Mitt Romney’s strategy for Wednesday’s debate is clear: he will hold President Barack Obama accountable for his numerous lies–especially on Libya and the national debt–in a way that the mainstream media has failed to do. Republicans are uniting around their nominee’s new theme, with New Jersey governor Chris Christie and former Romney rival Newt Gingrich each taking to the Sunday shows to drive home the accusation.
Christie told George Stephanopoulos on ABC’s This Week:
Obama ad: …[Romney] doubled down on the same trickle-down policies that led to the crisis in the first place.
Stephanopoulos: If you were on the stage Wednesday night, how would you respond to that.
Christie: Stop lying, Mr. President.
Stephanopoulos: Lying?
Christie: Yeah, that’s what I’d say.
Stephanopoulos: What’s the lie there?
Christie: Governor Romney’s not talking about tax cuts for the wealthy. In fact, what he said is that the wealthy will pay just as much under a Romney administration as they pay today.
Stephanopoulos: But their tax rate will go down into the 20s.
Christie: Right, their tax rate will go down, but they will lose deductions and other loopholes that will have them paying the same. That’s what Governor Romney’s plan is. And so what I’d say is–you know, I love those ads. I mean, you know, the president gets to say things like: “A million new manufacturing jobs.” Well, how, Mr. President? We’re still waiting. “Four trillion dollar reduction in the debt.” Really, Mr. President? How? Simpson-Bowles? You haven’t endorsed your own plan. Nor has he come forward with a plan….
Likewise, Gingrich told Bob Schieffer on CBS Sunday Morning:
Bob, what struck me–and I have known the Director of National Intelligence for years, he’s a bright man, he’s a competent man–this administration in effect is now saying to us, “Oh, don’t blame the United Nations ambassador. Don’t blame the White House spokesman. Don’t blame the President, because our intelligence system failed so decisively.” Now, I don’t know which worries me more, the idea that the intelligence system took weeks to figure out the obvious–although we are told that in fact they had information the day before the attack, because the video that went out from Al Qaeda asking that the ambassador, [that] somebody be killed on 9/11, was a day earlier–so I don’t know whether I feel more comfortable knowing that the administration was incompetent and lied to us, or I feel more comfortable knowing that the intelligence community was totally out of touch. My hunch is the intelligence community was not out of touch. The ambassador’s own diary, apparently, indicates that he was worried about being targeted for death. You have to ask yourself–surely, the Congress should be holding hearings right now–how could an ambassador be in Benghazi, the hotbed of anti-American sentiment in Libya, how could he be there on 9/11 with no security? This entire incident makes no sense. And yes, I think Romney should be demanding that the President tell the American people the truth.
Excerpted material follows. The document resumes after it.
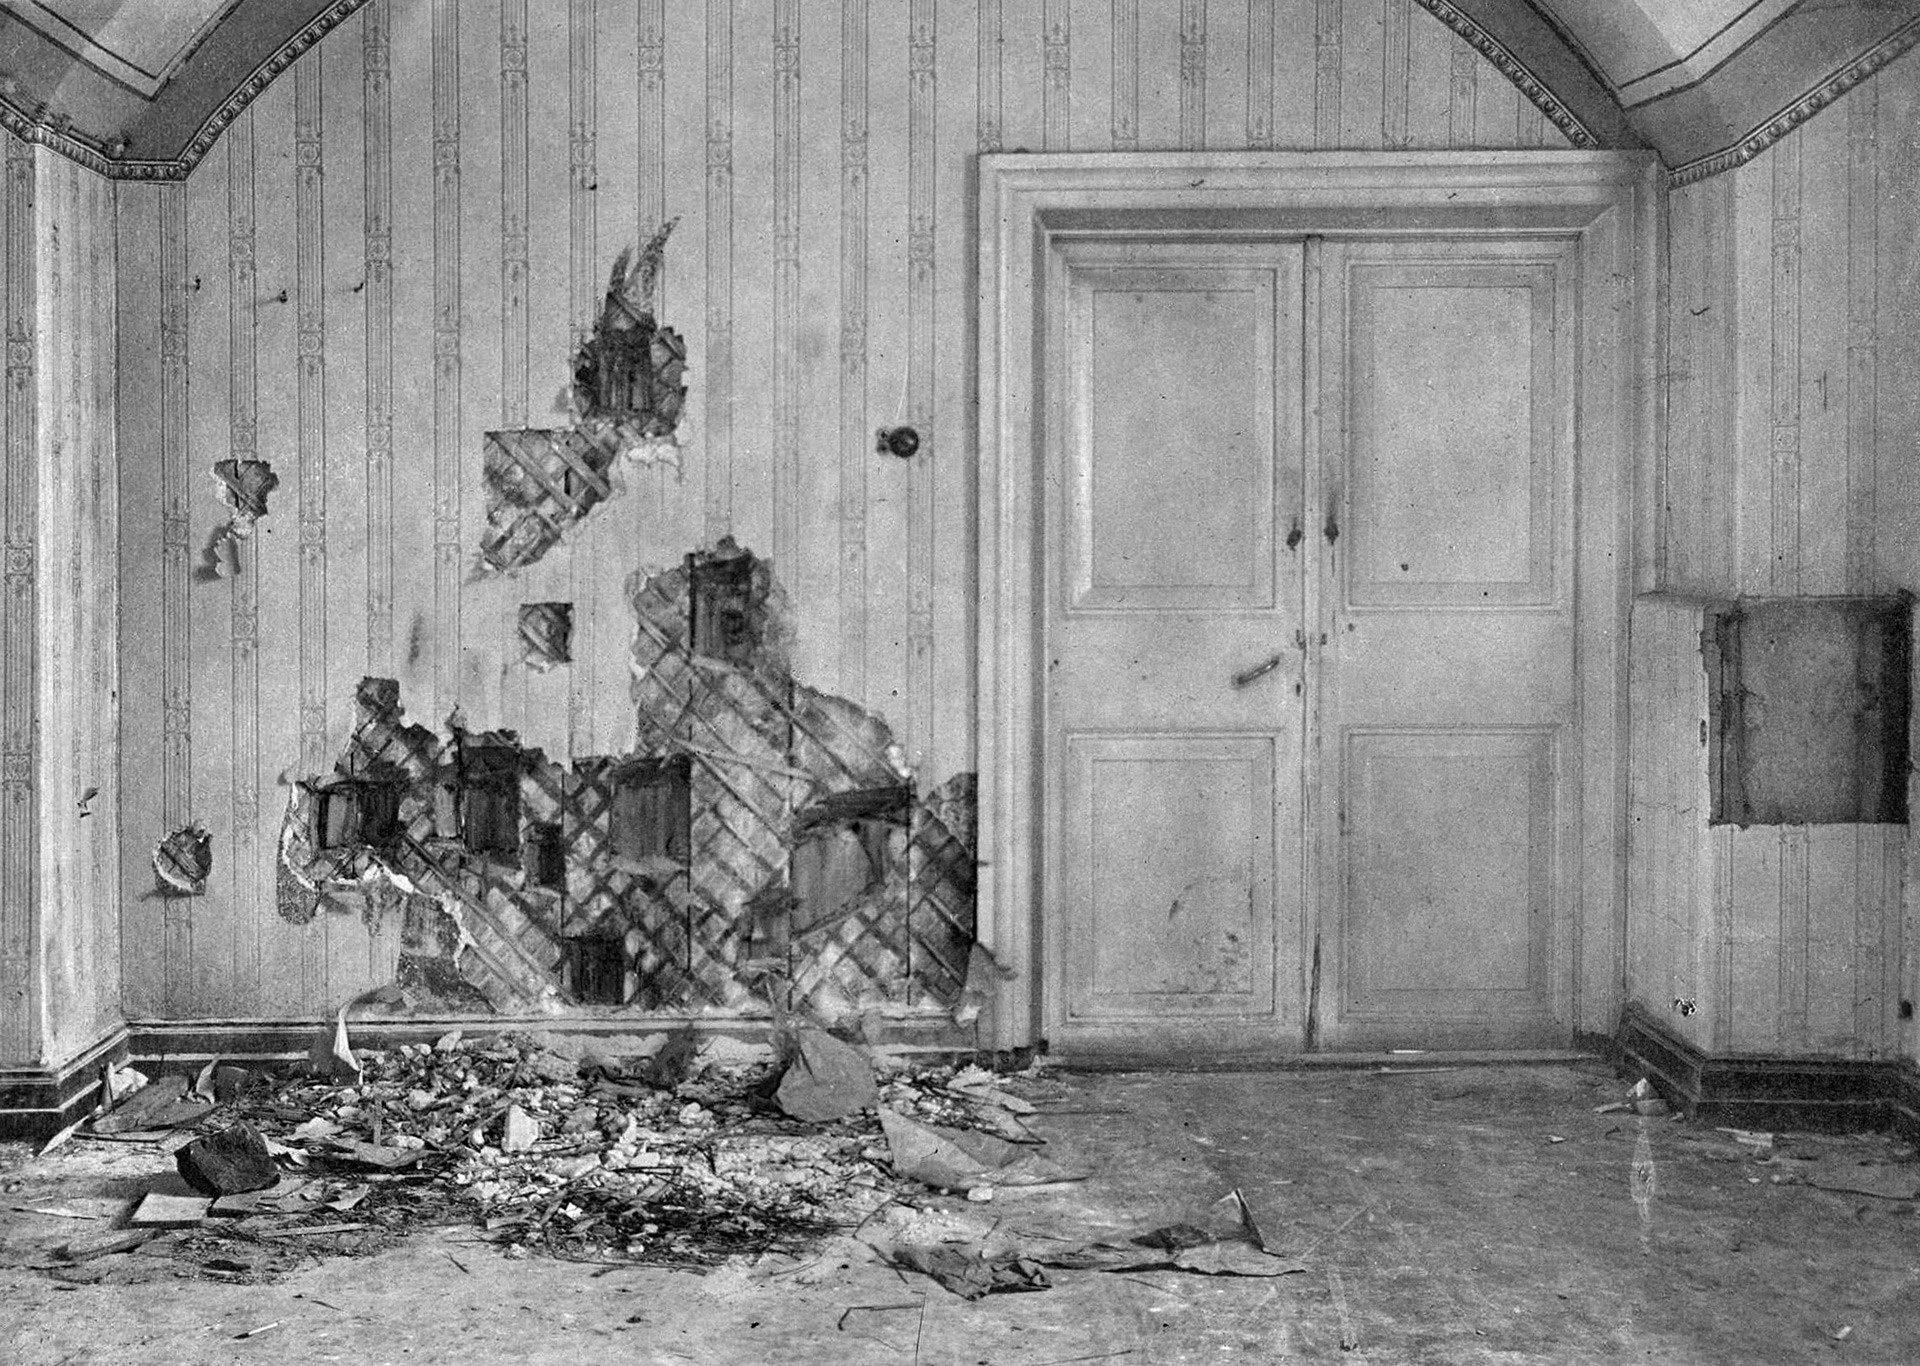 La stanza di Casa Ipatev dove lo zar Nicola II, i membri della sua famiglia e della servitù furono assassinati

Romney himself indicated two weeks ago that Obama’s tendency to spin the facts was a central concern of his leading up to the debates:
I think the challenge that I’ll have in the debate is that the president tends to, how shall I say it, to say things that aren’t true. I’ve looked at prior debates. And in that kind of case, it’s difficult to say, “Well, am I going to spend my time correcting things that aren’t quite accurate? Or am I going to spend my time talking about the things I want to talk about?”
The charge of lying is a weighty one–and one that Republicans have felt nervous about ever since the controversy that greeted Rep. Joe Wilson’s famous “You lie!” outburst during President Obama’s address to a join session of Congress to push health reform in 2009 (though Wilson was correct).
What has emboldened them–in addition to the need to make a strong case in the closing weeks of the election–is the brazen nature of Obama’s deception about the Libya attacks, which he claimed were motivated by an anti-Islamic video but which were in fact a premeditated terrorist attack, as the administration now admits.
The Obama campaign has plenty of time to prepare for attack, but whether any of its defenses and countermeasures will succeed is an open question. Obama has not performed well when confronted with facts, as he was during a recent appearance on Univision. Most likely he will counter with attacks on Romney rather than defenses of his own statements. Whether that succeeds will be up to voters to decide.